Task to carry out: Starting from the line with "LEGO ATLANTIS 2010" and going up to and including the line with "Geolocation of Rousemen wines in Ehnen", copy the listing below exactly. Leave all images out.

Input data:
######
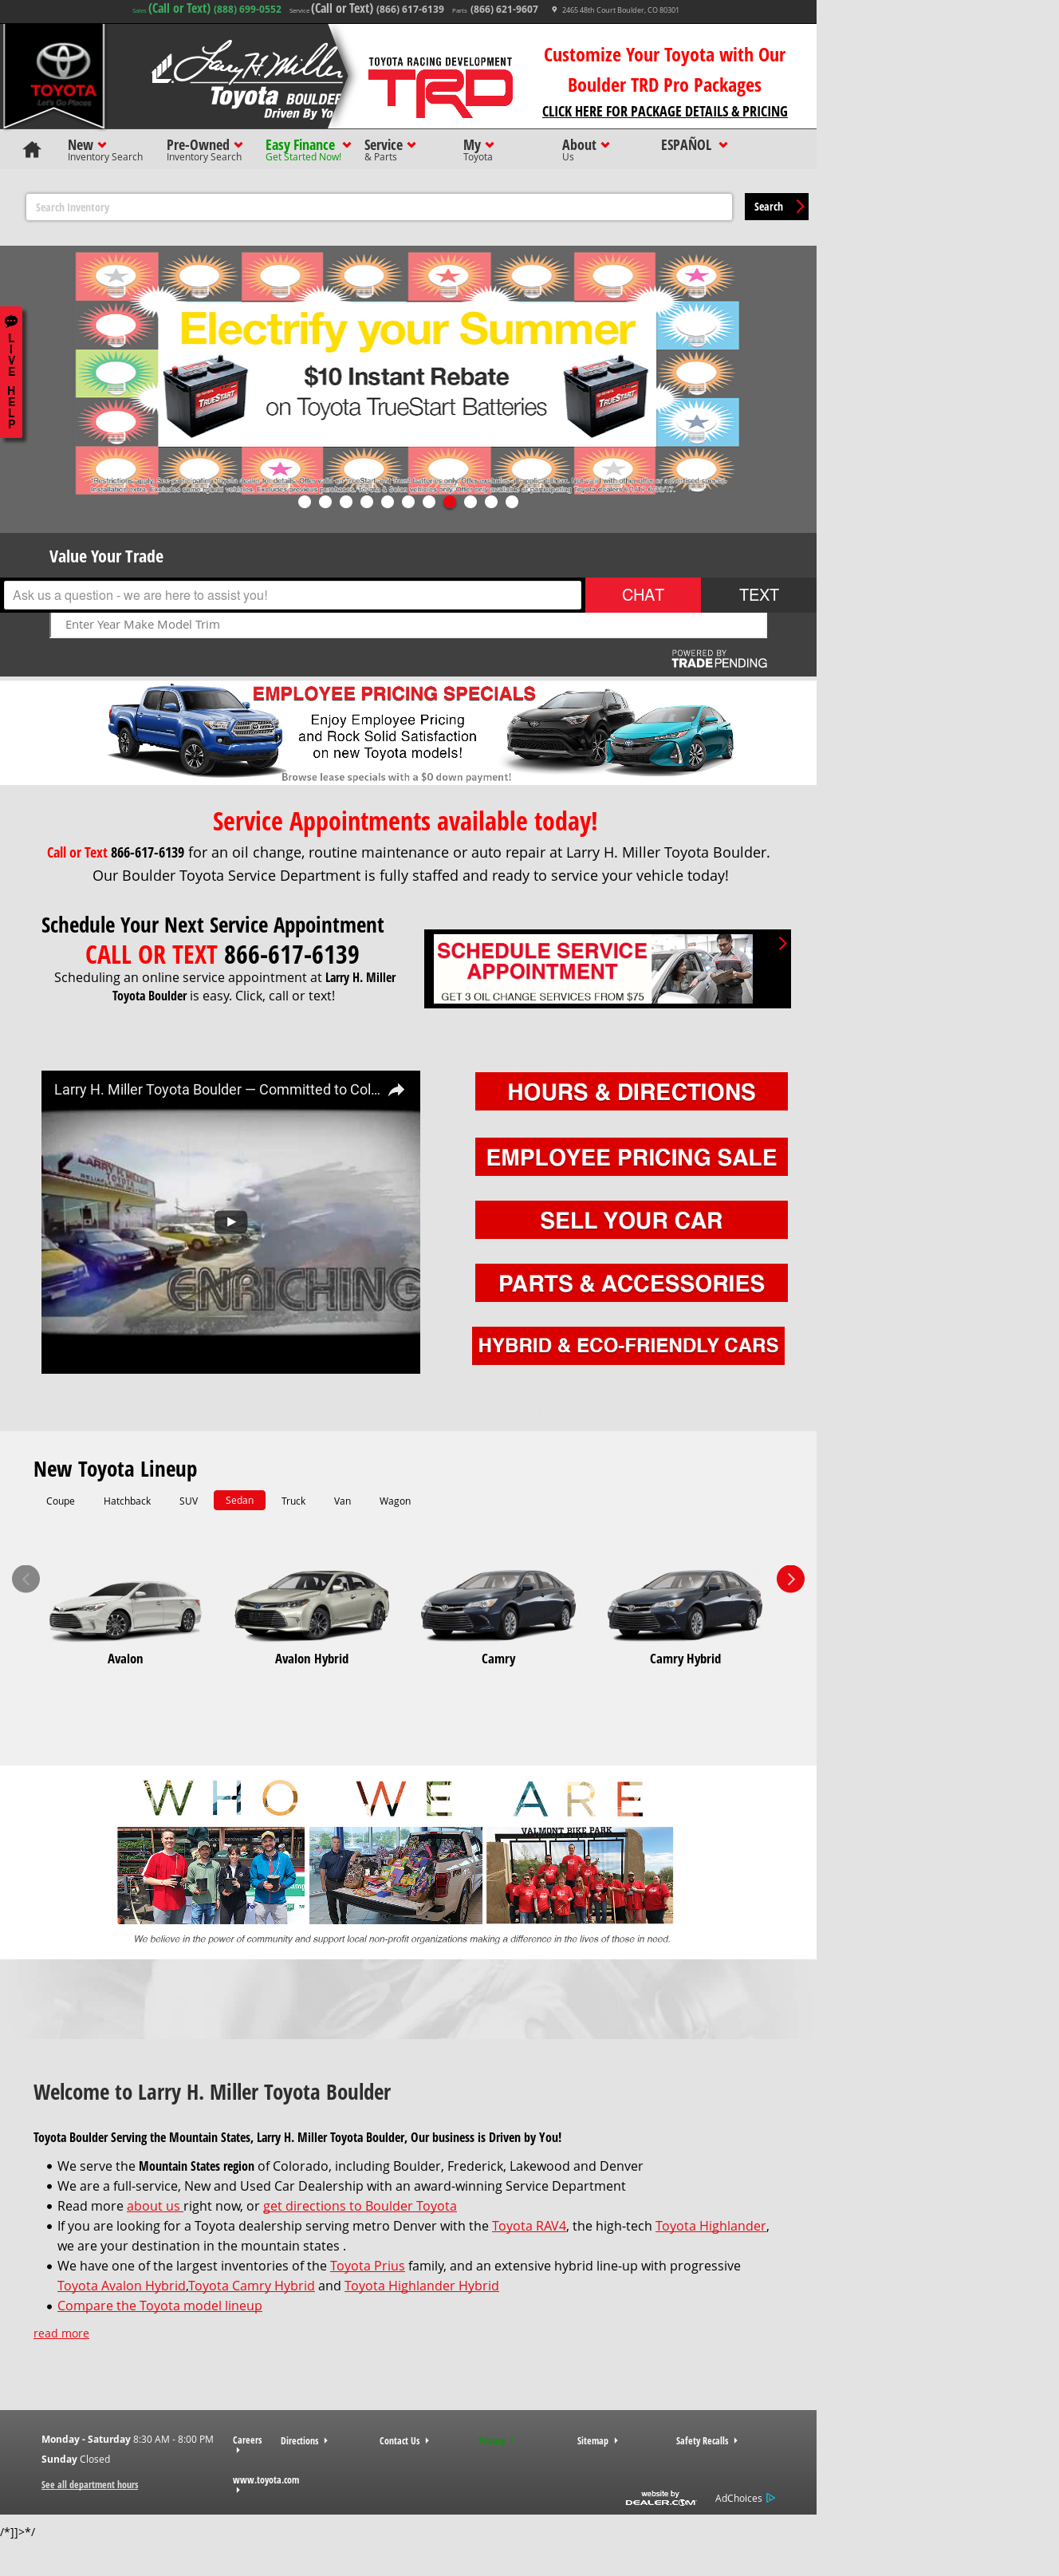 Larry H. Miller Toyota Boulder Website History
######
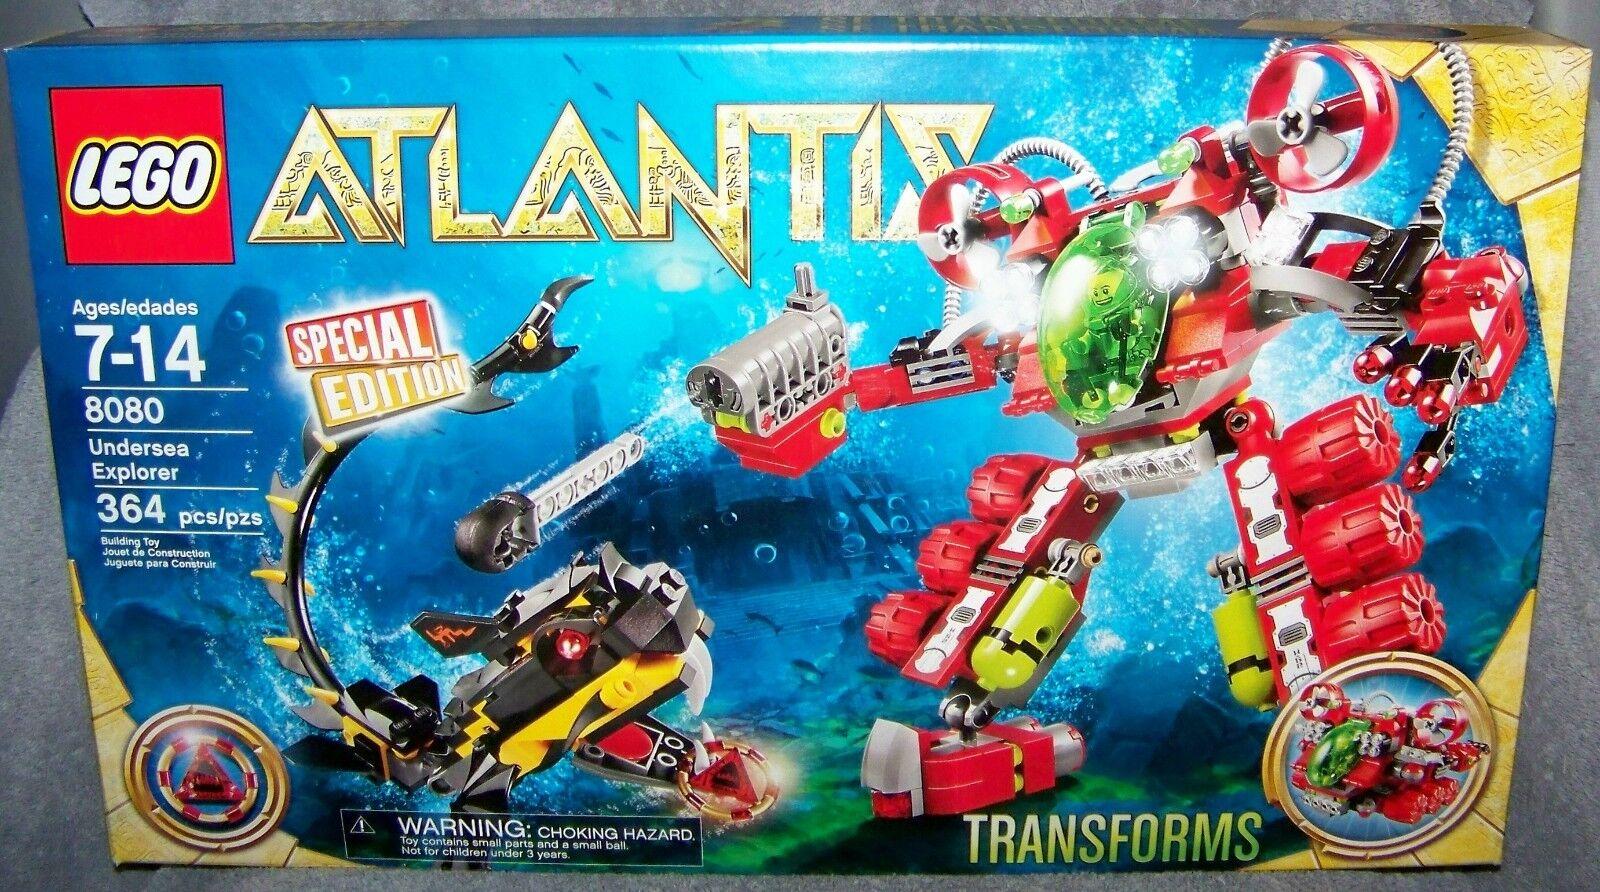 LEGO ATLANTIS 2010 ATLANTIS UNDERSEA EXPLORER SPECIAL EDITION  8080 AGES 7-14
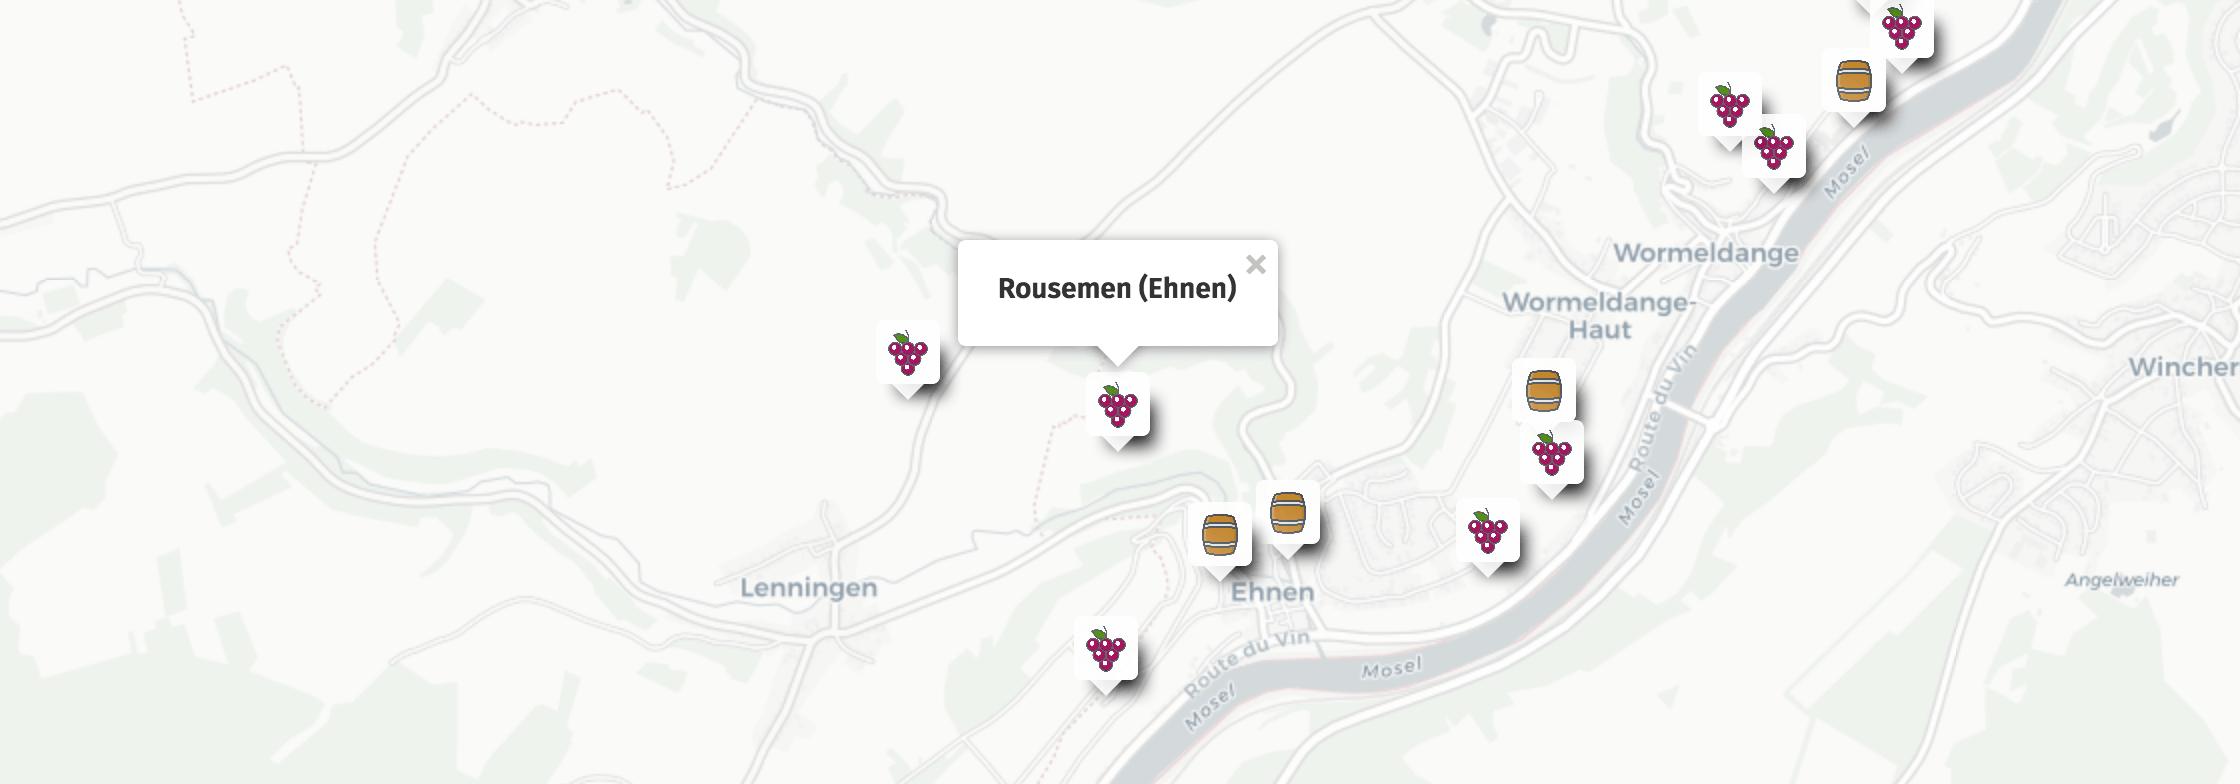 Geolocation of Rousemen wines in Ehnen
######
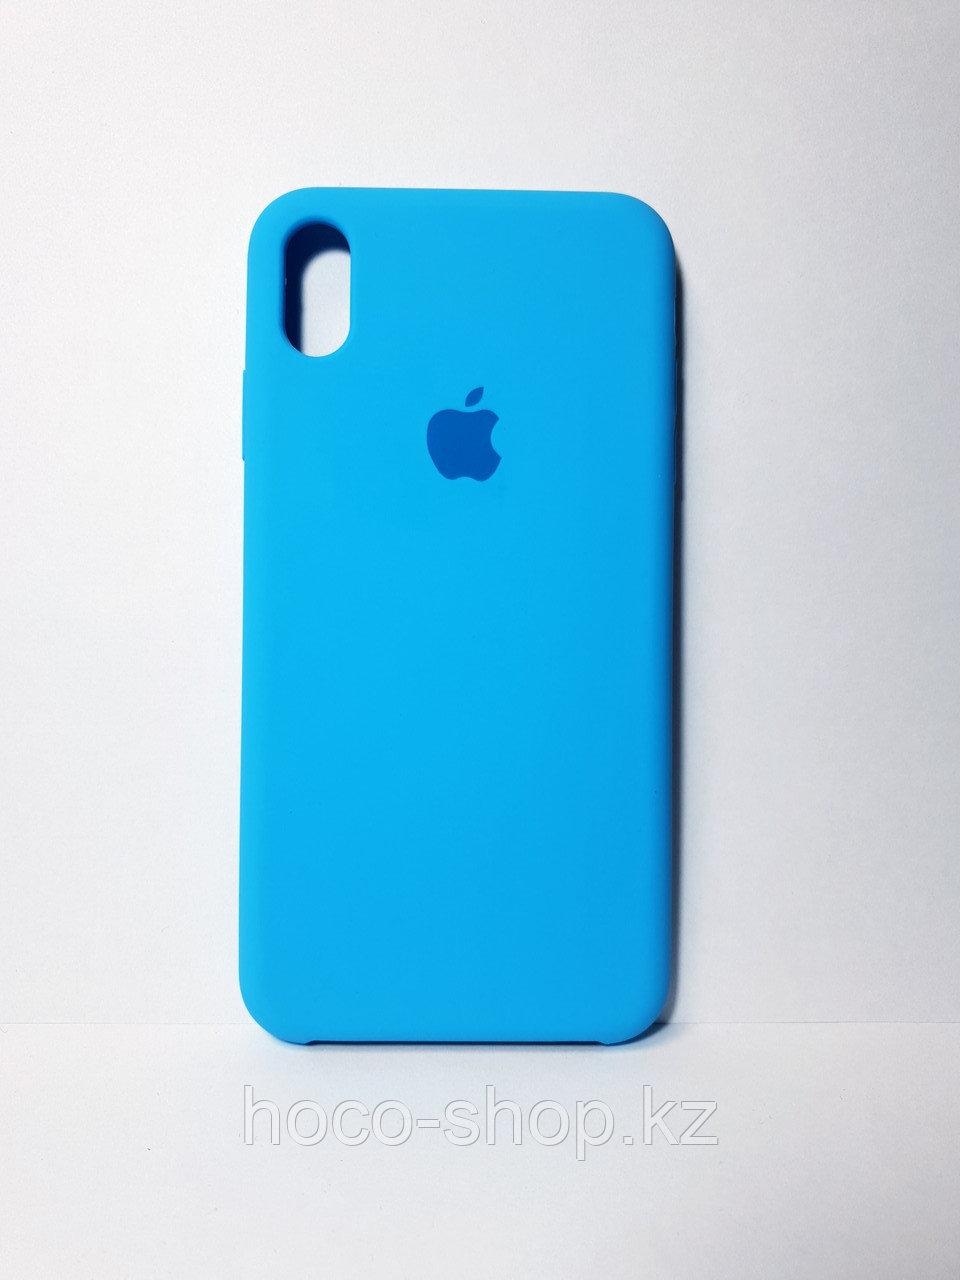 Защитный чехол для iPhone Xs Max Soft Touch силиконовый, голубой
######
Task solution:
 LEGO ATLANTIS 2010 ATLANTIS UNDERSEA EXPLORER SPECIAL EDITION  8080 AGES 7-14
 Geolocation of Rousemen wines in Ehnen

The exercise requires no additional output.